Applicable Large Employers (ALE) are those that employ an average of at least fifty (50) full-time or full-time equivalent employees in the preceding calendar year. ALEs are required to provide health insurance for full-time employees that is “affordable” and provides “minimum value” to avoid paying penalties. To be considered “affordable,” the employee’s required contribution can be no more than 9.5 percent (as adjusted) of that employee’s household income. Therefore, the employer’s percentage of contribution must be enough to ensure that the coverage remains affordable for its employees as defined above. Typically, insurance companies require that employers cover at least half of the health insurance premiums for covered employees.
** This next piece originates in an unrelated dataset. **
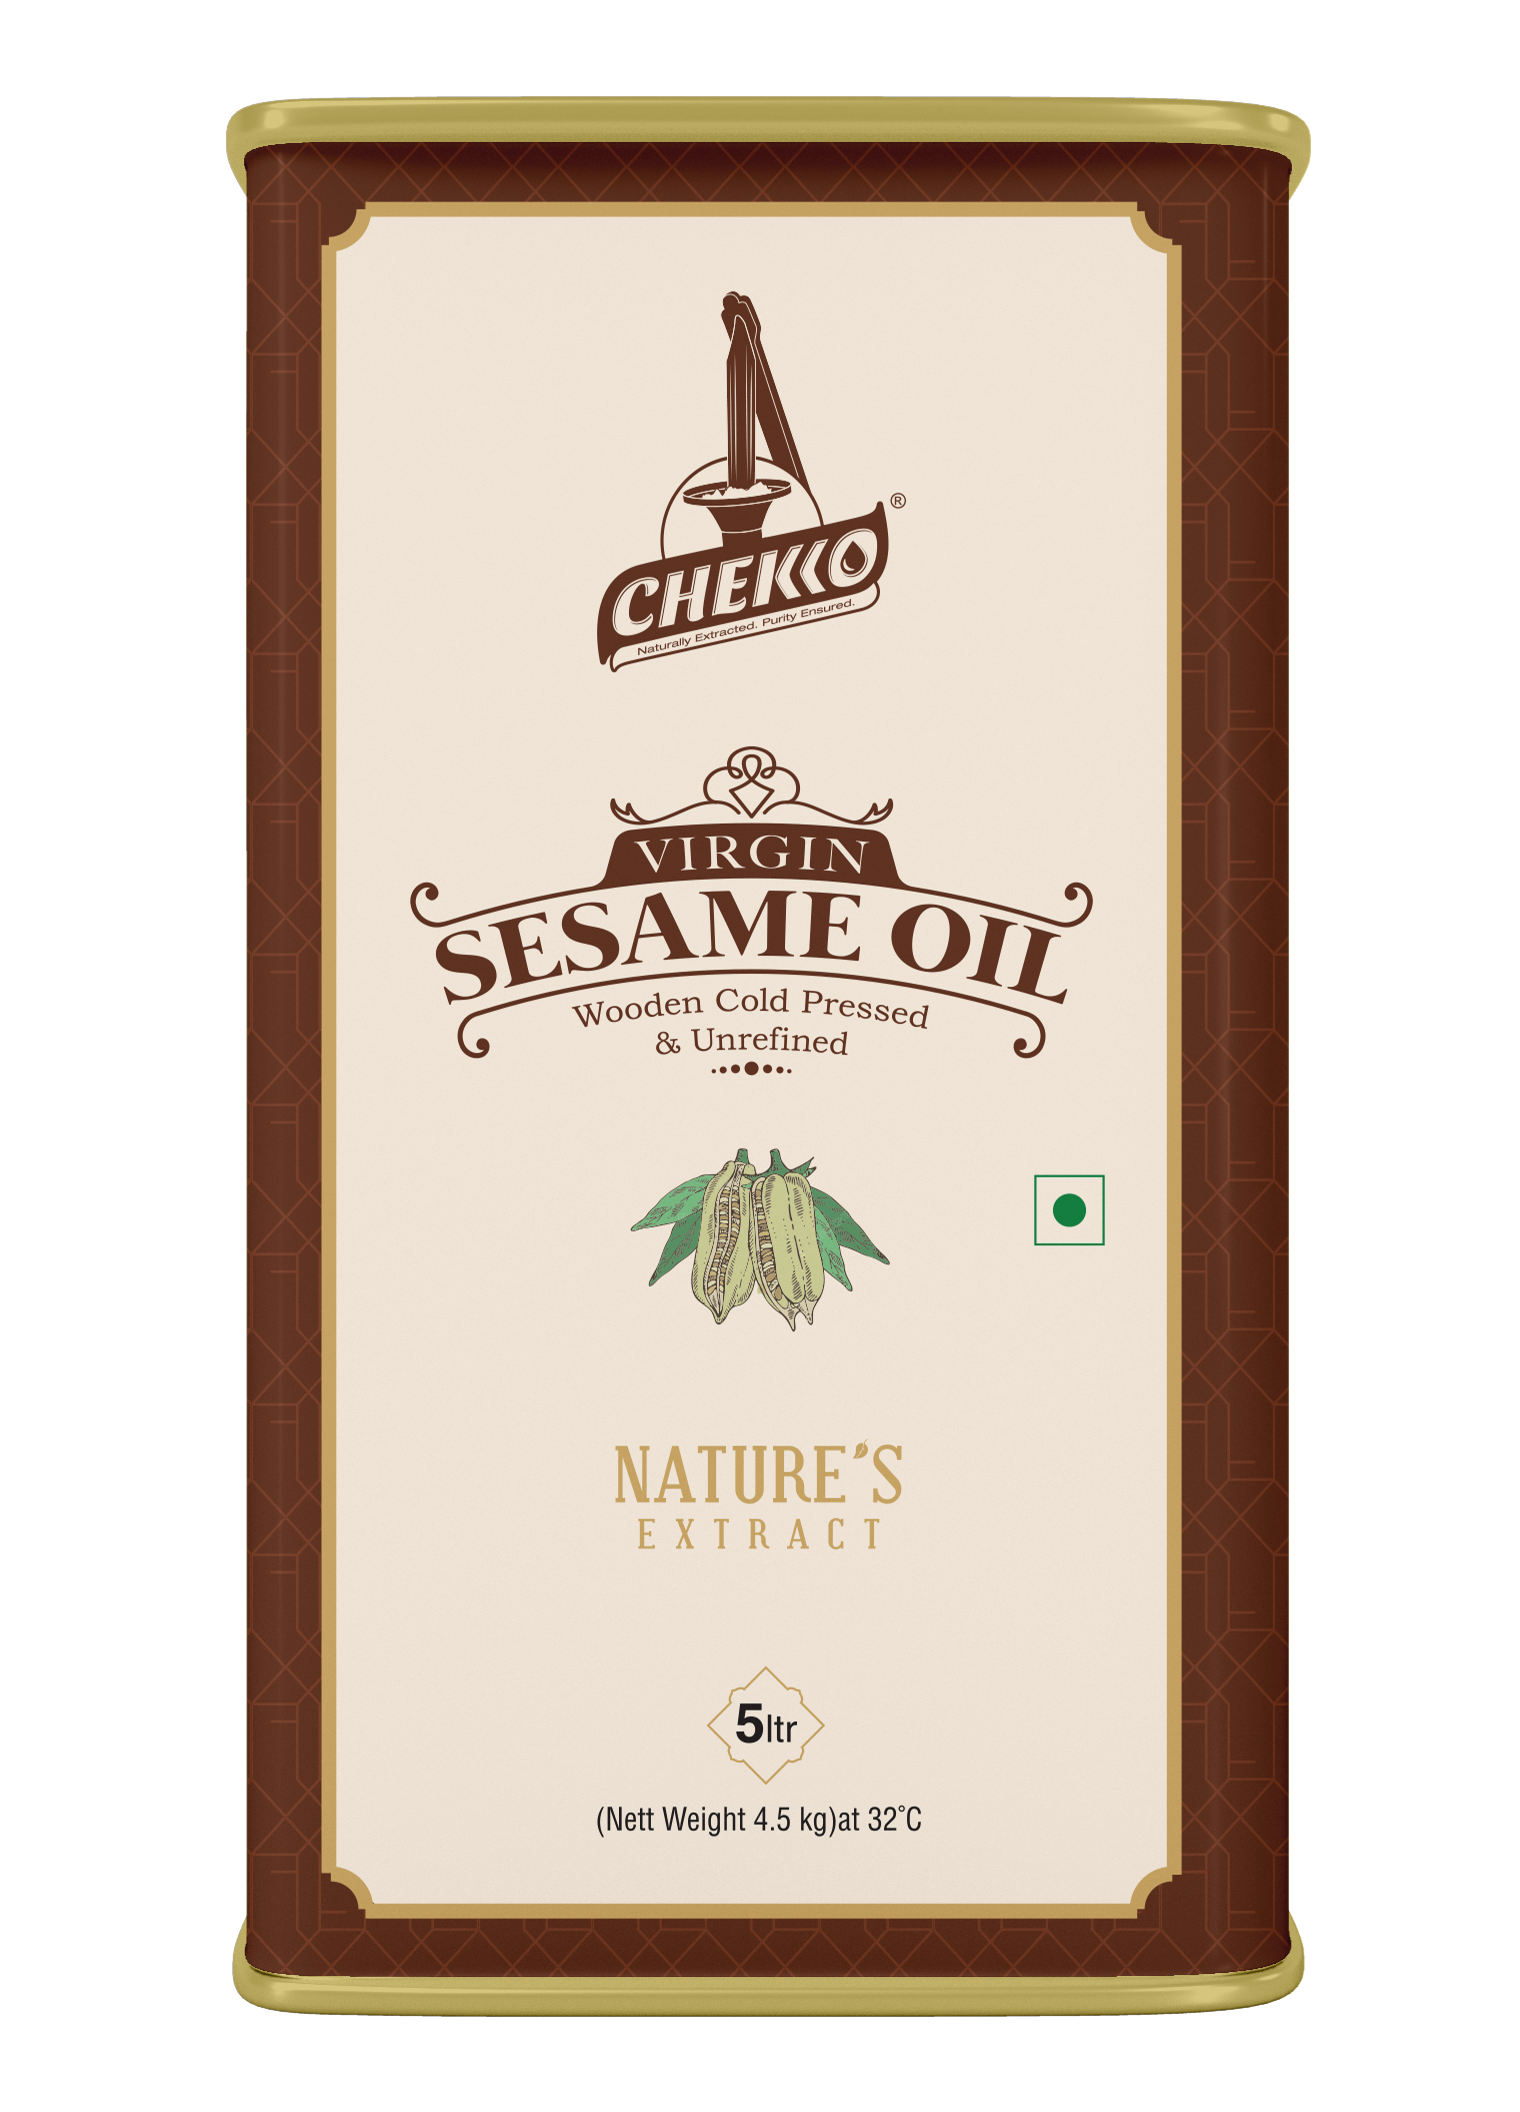 Chekko Cold Pressed Virgin Sesame Oil

Many employers understand the value of providing great benefits and will actually cover an even greater percentage of the premiums, with some even paying for spousal plans or family plans as well.
What are the Penalties For Not Offering Group Health Insurance?
The penalties for not offering Group Health Insurance to employees in accordance with the Employer Mandate or “Play or Pay” can be calculated as follows:
For 2018, ALEs that fail to offer coverage or offer coverage to less than 95 percent of their employees (and their dependents) will usually owe $193.33/per full-time employee (minus the first 30 employees) for each month that the employer fails to offer coverage so long as at least one full-time employee obtains coverage through the Health Insurance Marketplace and receives a subsidy.
For ALEs that offer coverage to at least 95 percent of full-time employees, but the coverage is not affordable or fails to meet minimum value, the employer will typically owe the lesser of the previous calculation (as if the employer did not offer coverage) or $290/per full-time employee that obtains coverage and receives a subsidy through the Health Insurance Marketplace for each month that the coverage is unaffordable or does not meet minimum value. It is important to note that the per employee penalty amount changes annually.